И ошутил, как он прикрыл мои пальцы ладонью:
— Тебе тоже доброй, внучек. Доброй ночи.
Шесть
Джон Эскью снова начал появляться в школе — ему разрешили дважды в неделю посещать уроки изобразительного искусства. И сказали: если возьмется за ум, то он сможет учиться, как и прежде. Эскью создал серию прекрасных иллюстраций для рассказа о путешествии Лака, и они висят теперь в коридоре, рядом с моим текстом. Его рисунки выразительны и точны до мельчайших деталей: семья в пещере, медведь, покрытый льдом мир, сам Лак с малышкой под медвежьей шкурой — и их мать, которая протягивает руки, чтобы обнять сына. Буш-Объелась-Груш долго хвалила меня за верный выбор иллюстратора.
— Чудесные работы! — радуется она. — Джон будто своими глазами все видел. Рисунки идеально соответствуют рассказу. Поразительно, они словно сердце и душа одной истории.

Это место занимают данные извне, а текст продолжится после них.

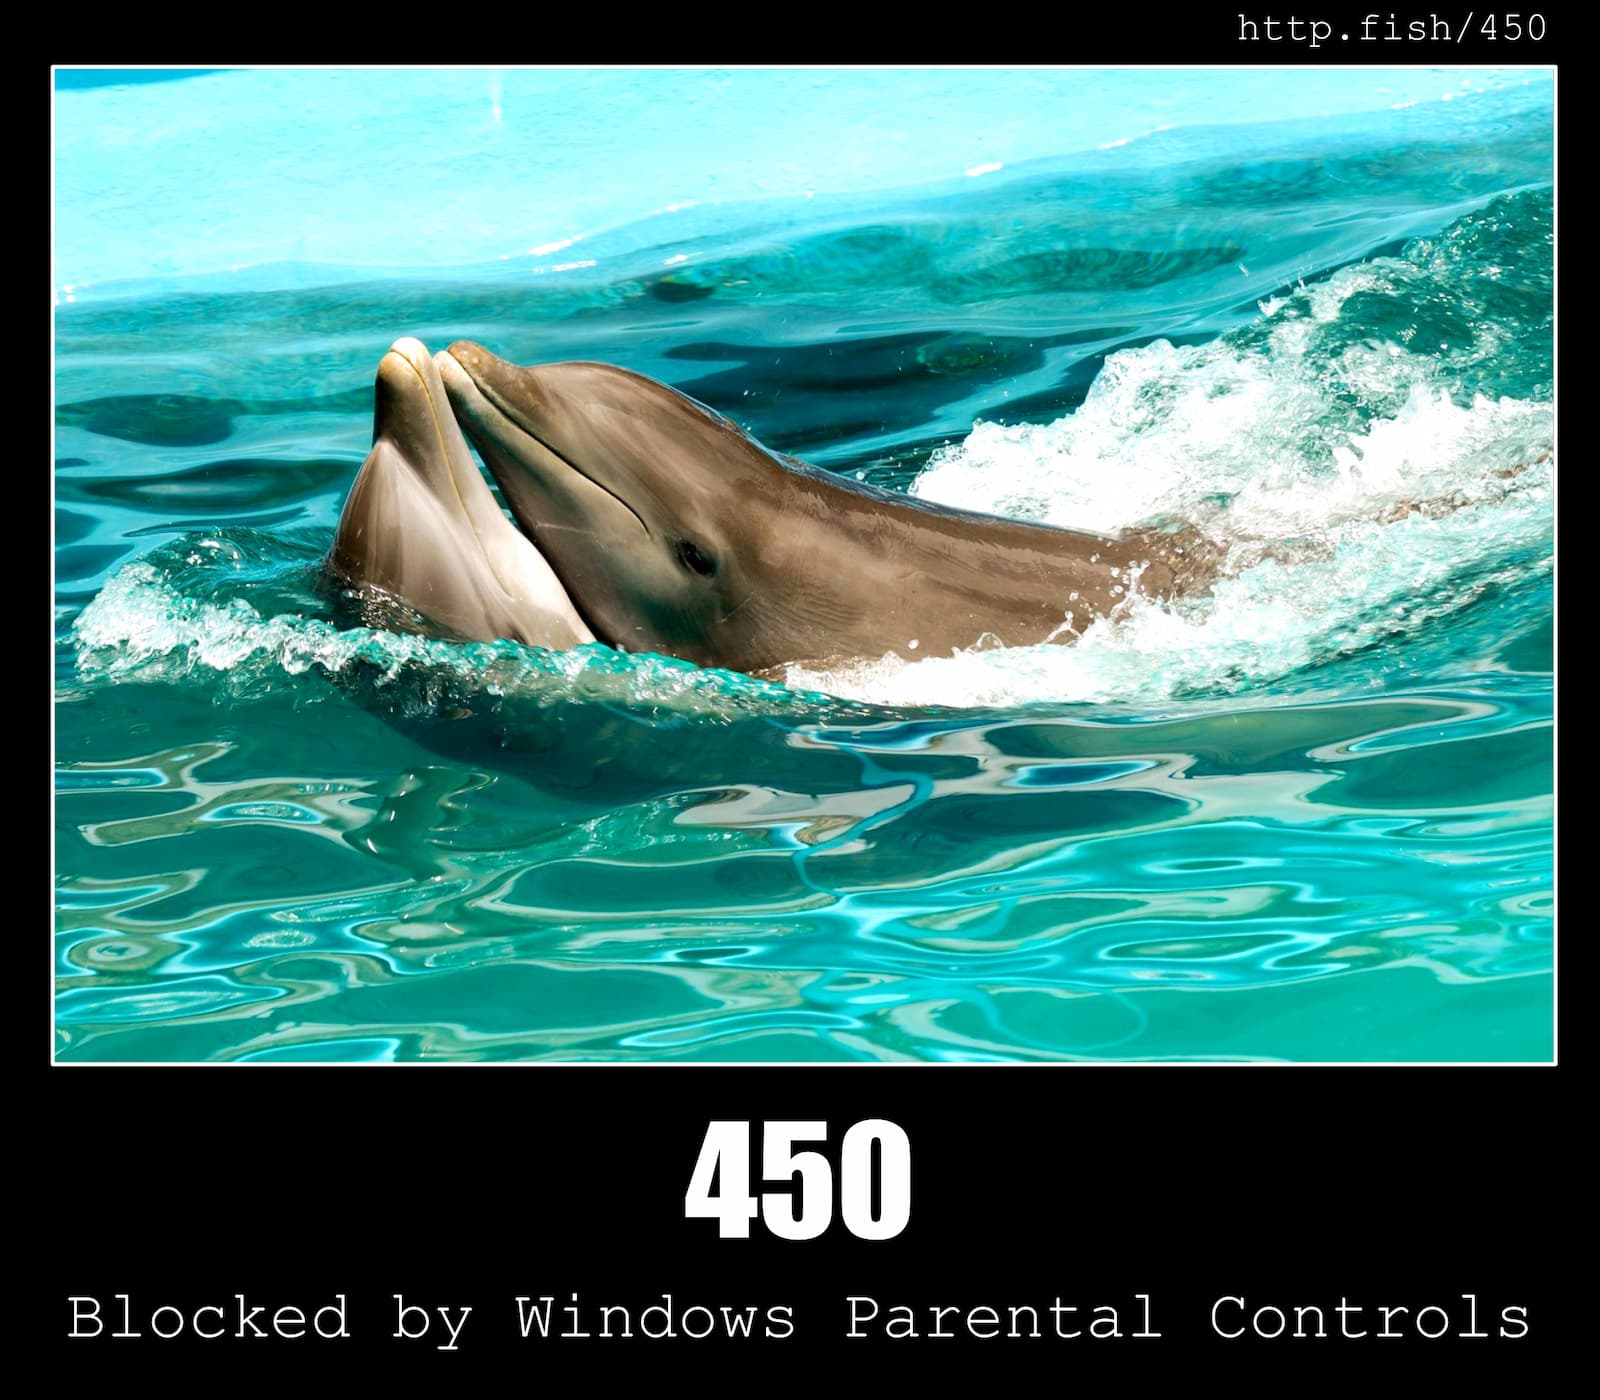 HTTP Status Code 450 Blocked by Windows Parental Controls & Fish
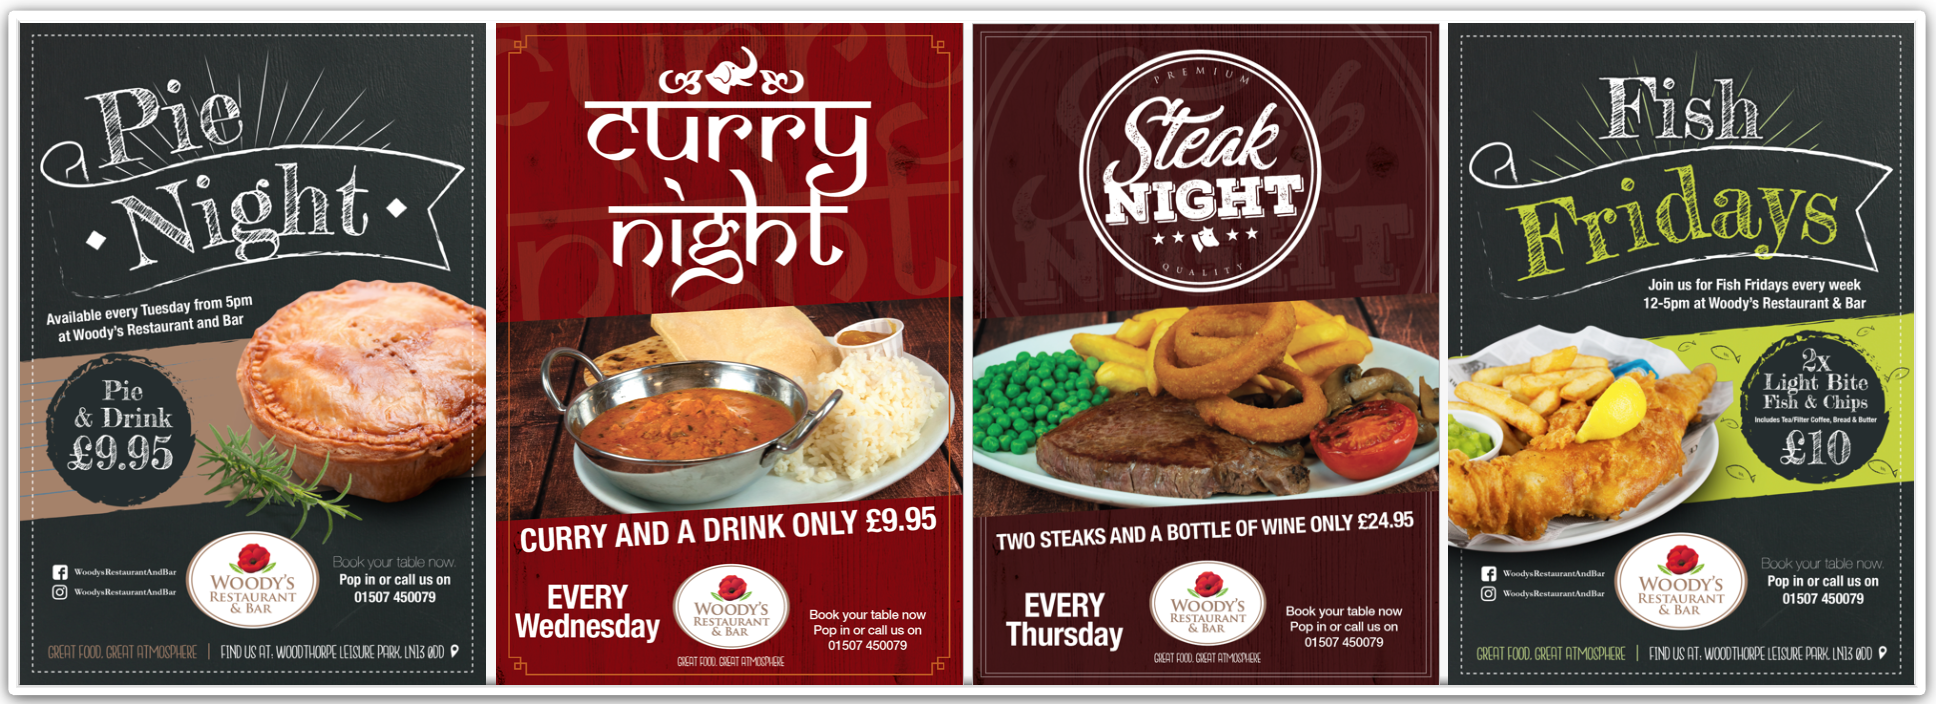 Pie Night, Curry Night, Steak Night, Fish Friday

— Да, — соглашаюсь я. — Они словно братья по крови.
— Вот-вот, — кивает она.
Старший Эскью завязал с выпивкой. Мы больше не видим его шатающимся по нашей улице. Он весь сгорбился и как-то усох, но врач объявил отцу Джона, что тот сможет стать новым человеком, если будет следить за собой. Дом в тупике с рытвинами на мостовой выглядит гораздо более ухоженным. Занавески открыты, в саду порядок. Малышка учится ходить, держась за мамину руку; весело лопоча, она часто сидит на крыльце рядом с братом, на расстеленном покрывале. За их спинами тянутся к далеким болотам пронизанные шахтами холмы.
Туннель той заброшенной шахты, где мы ночевали, вычистили рабочие. Сломанные столбы-опоры заменили новыми и надежными, вымели каменные завалы, протянули электрическое освещение, перекрыли вход железной дверью. Там висят теперь схемы горных разработок и карты туннелей, плакаты с подробными историческими справками. Доббс начал водить туда классы. Дети в защитных касках вовсю хихикают, но и кусают от страха губы. Старый шахтер открывает железную дверь, проводит их внутрь и рассказывает о чудесах и опасностях шахтерского промысла, какими те были в прошлом. Порой он неожиданно гасит свет, и тогда шахту оглашают испуганные вопли.
Дедушкины памятные вещицы я перенес в свою комнату. Сижу за столом и держу их в руках, нащупывая истории, которые ждут своего рассказчика. За мною забегают друзья, и все вместе мы отправляемся бродить по пустырю — Элли, Эскью и я. Дикий пес Джакс важно вышагивает следом. Иногда мы слышим, как детвора шепчется, издалека тыча в нас пальцами: вон они, это их сочли мертвыми, пропавшими навсегда. Пустырь вокруг нас усыпан играющими ребятишками, здесь чинно прогуливаются наши соседи. Но стоит только прищуриться, немного напрячь глаза — и мы видим тех, кто гулял здесь прежде; тех. кто устраивал на речном берегу веселые игры. В солнечные дни, когда пустырь пестрит красками, а яркие блики пляшут в речном потоке, сквозь трепет теплых воздушных струй я вижу дедушку и бабушку. Я иду за ними. Вместе с друзьями я лениво бреду берегом нашей реки. И твердо знаю: пока будут те, что смогут нас видеть, мы будем здесь вечно.